- _Exercise aim_: Return the complete listing exactly as it reads, with each picture removed.

- _Material provided_:
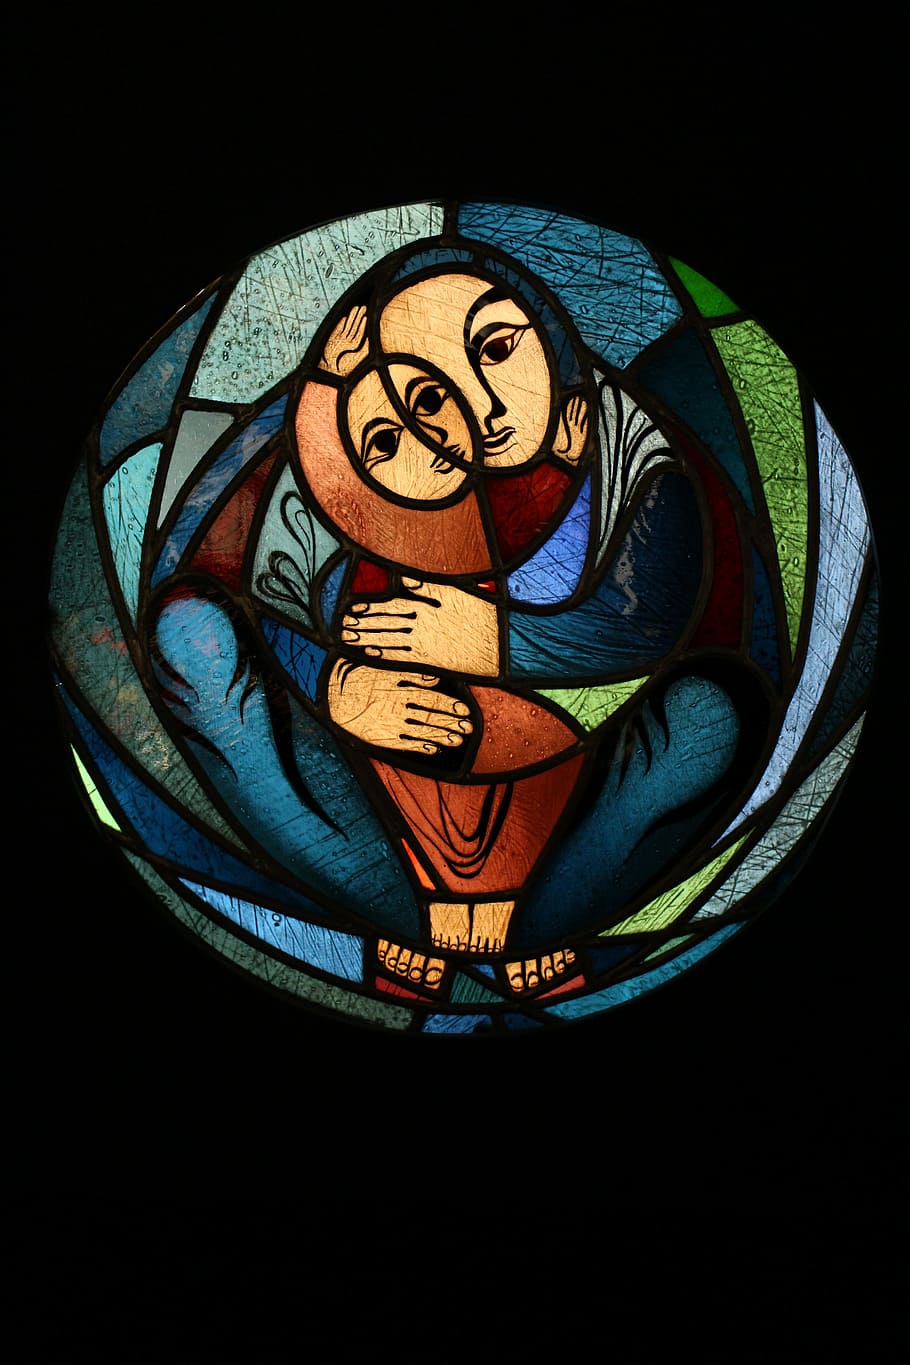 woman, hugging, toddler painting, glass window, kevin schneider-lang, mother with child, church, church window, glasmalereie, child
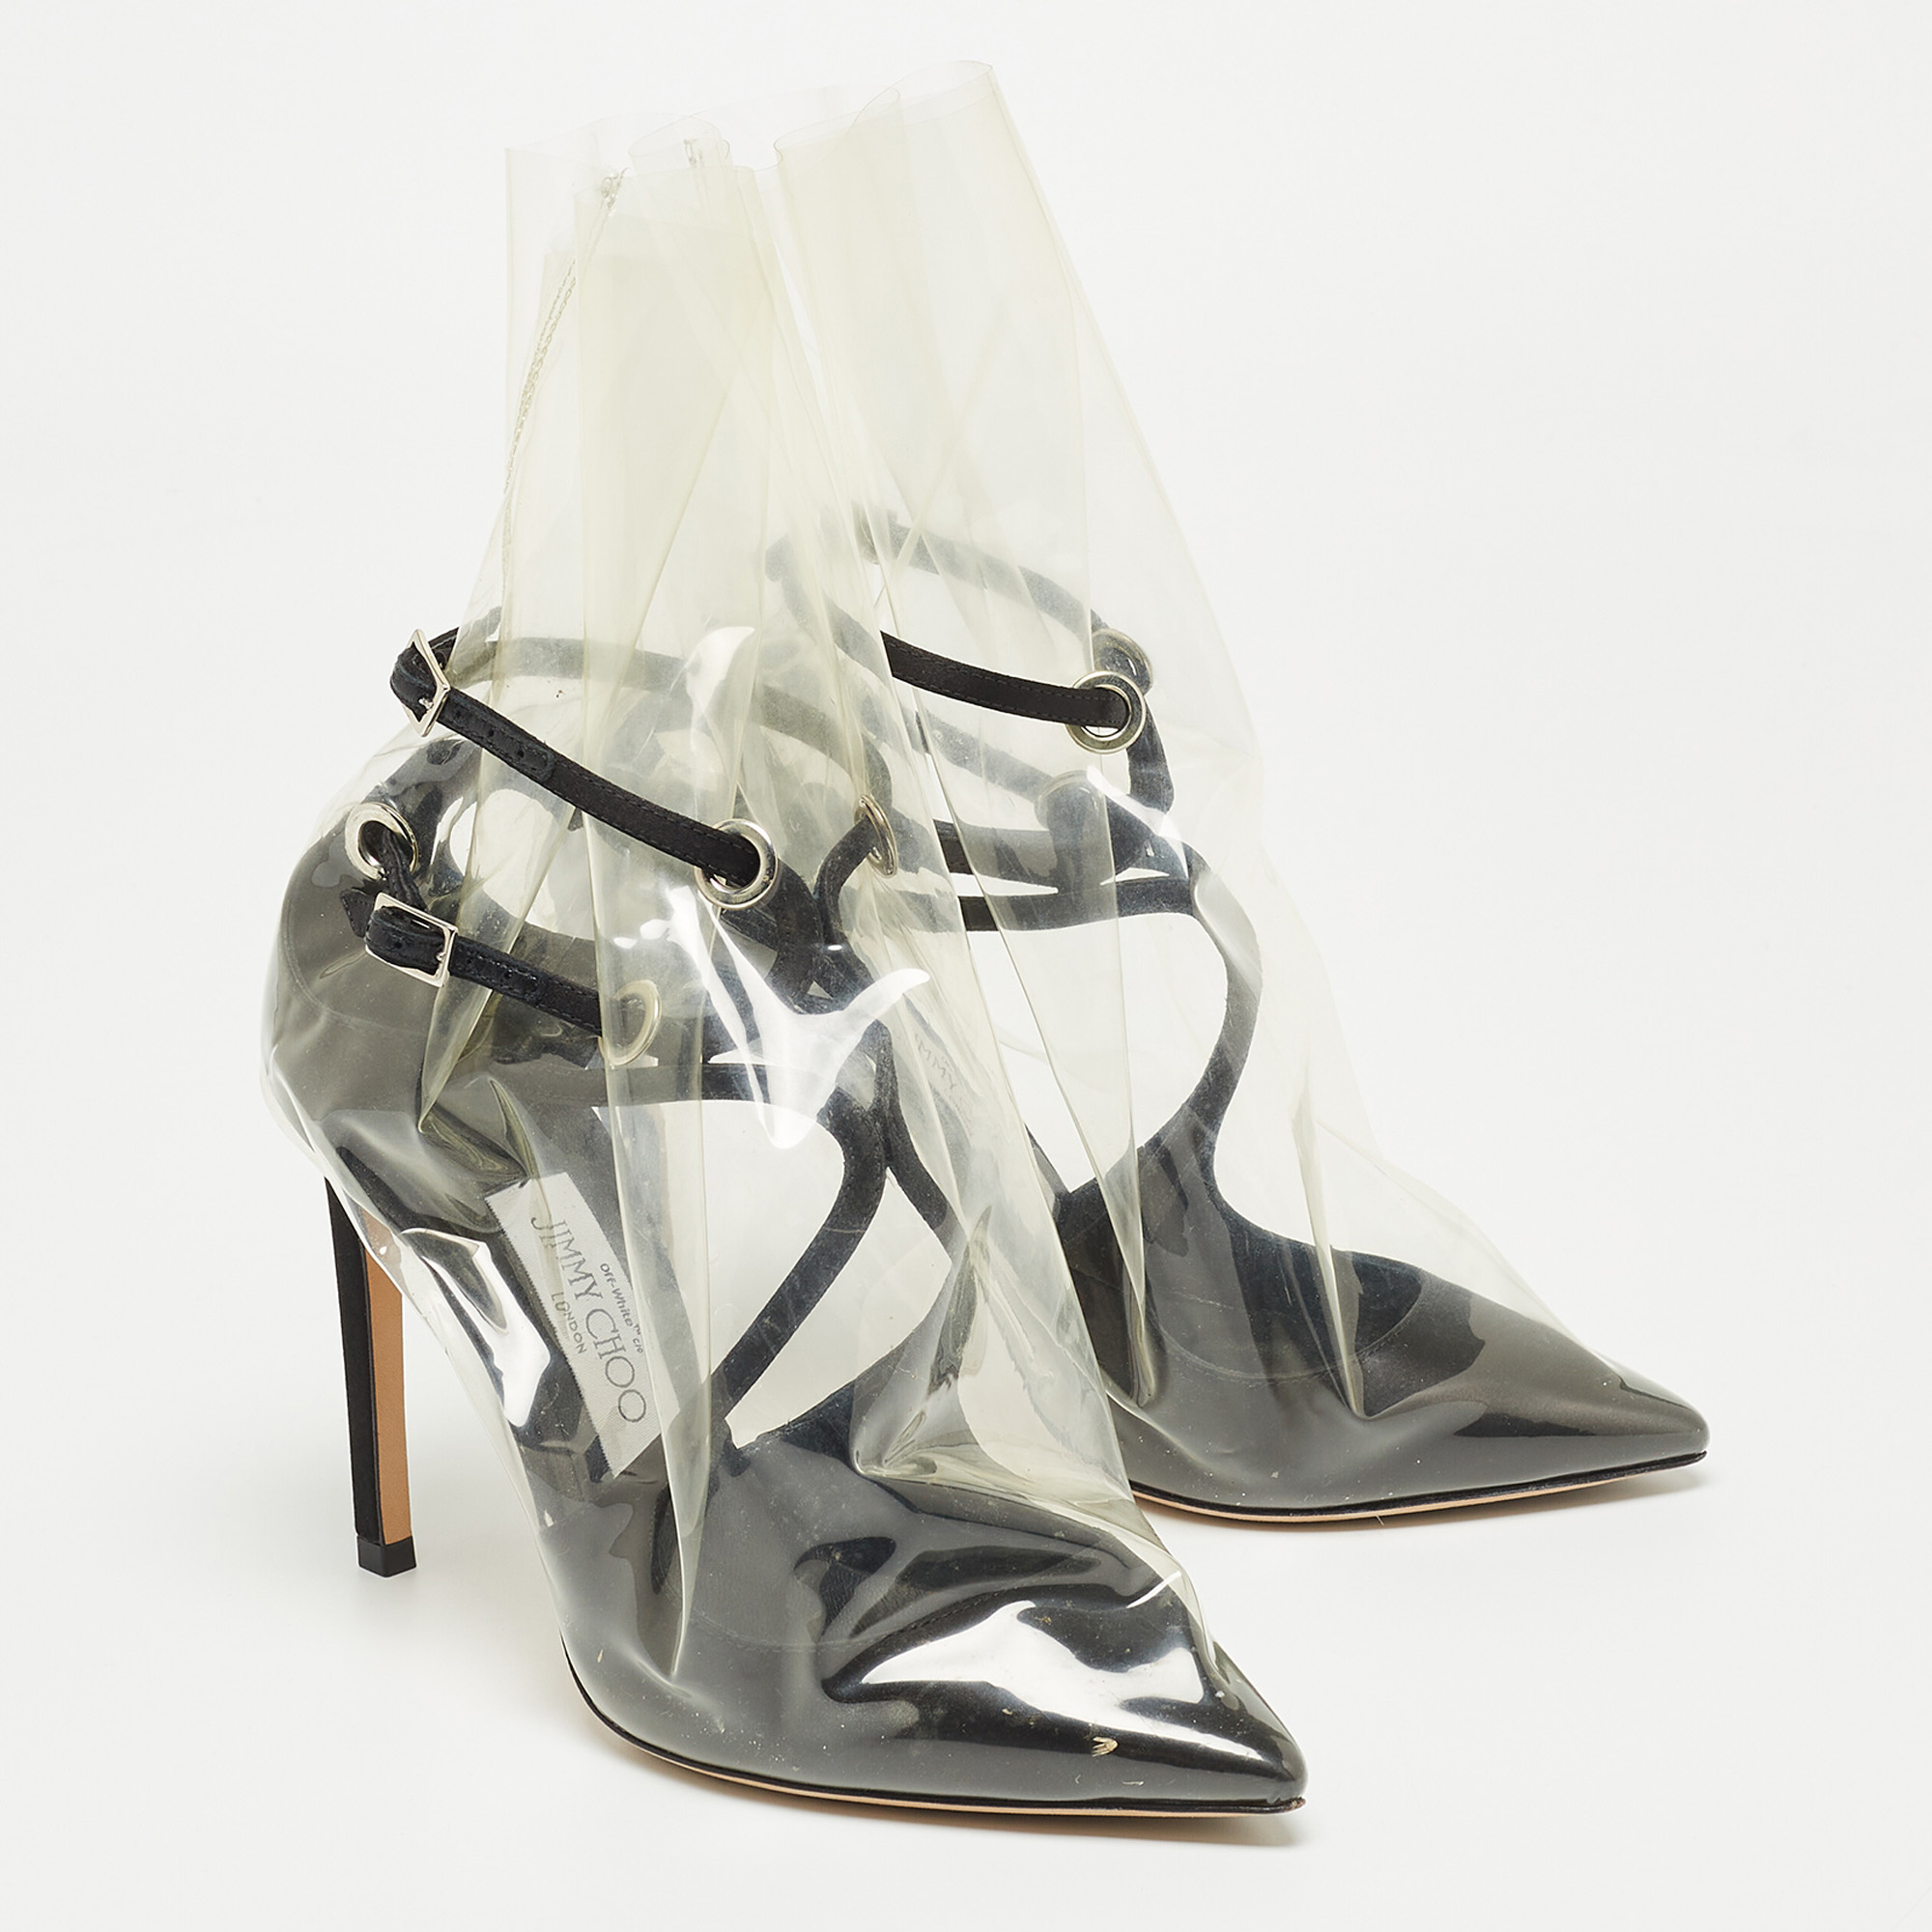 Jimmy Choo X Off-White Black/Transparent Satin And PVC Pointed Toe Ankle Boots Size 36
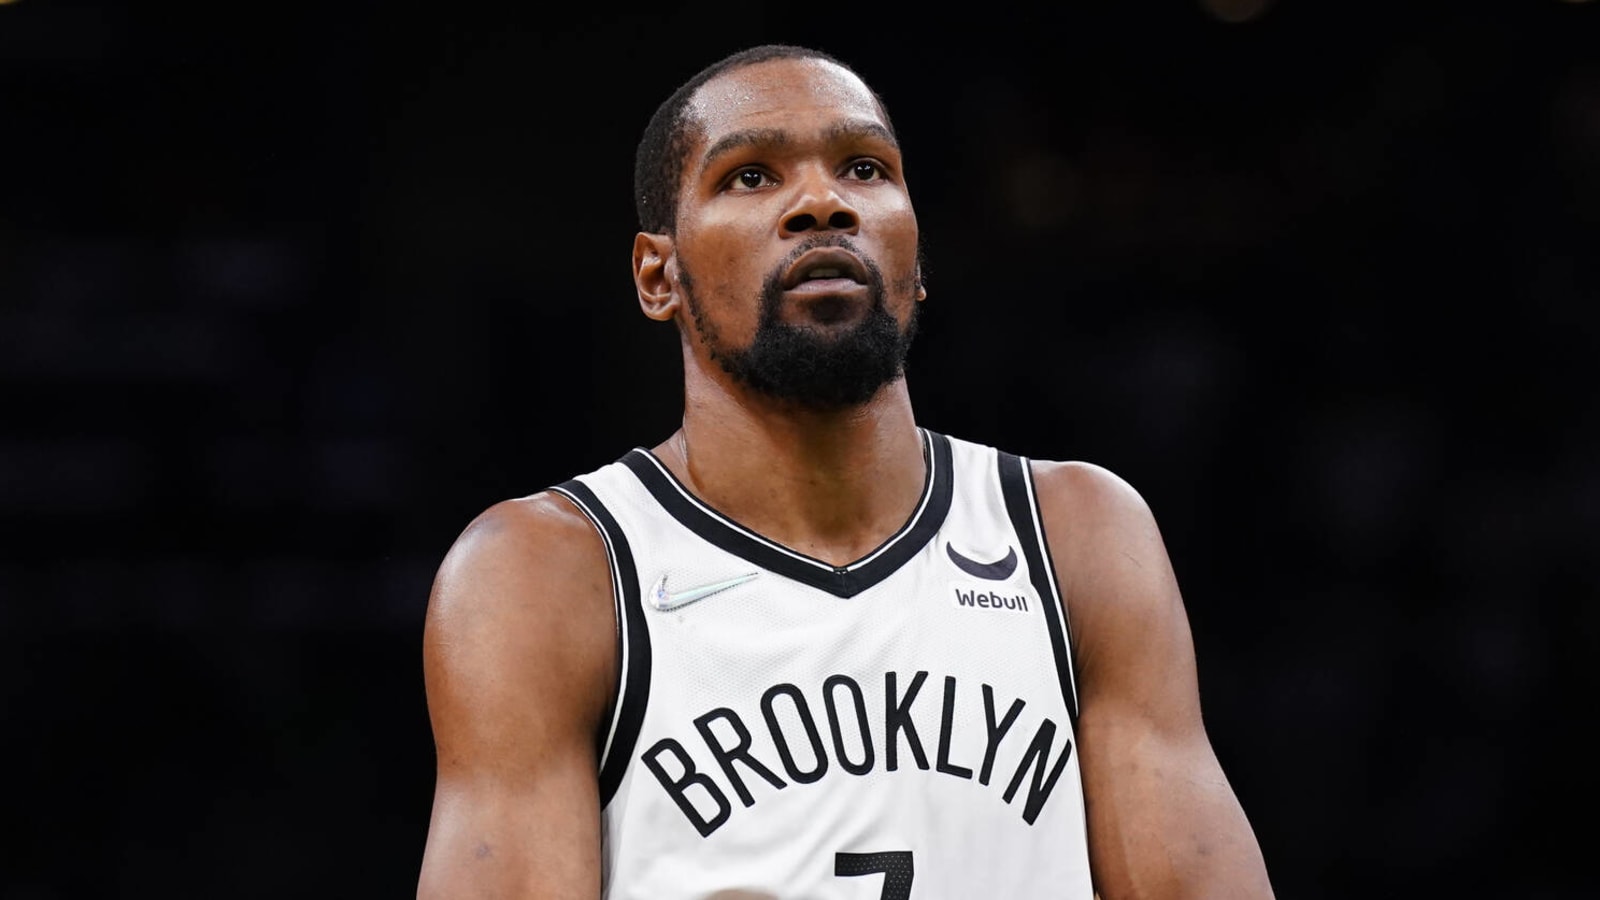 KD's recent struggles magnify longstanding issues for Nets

- _Output below_:
 woman, hugging, toddler painting, glass window, kevin schneider-lang, mother with child, church, church window, glasmalereie, child
 Jimmy Choo X Off-White Black/Transparent Satin And PVC Pointed Toe Ankle Boots Size 36
 KD's recent struggles magnify longstanding issues for Nets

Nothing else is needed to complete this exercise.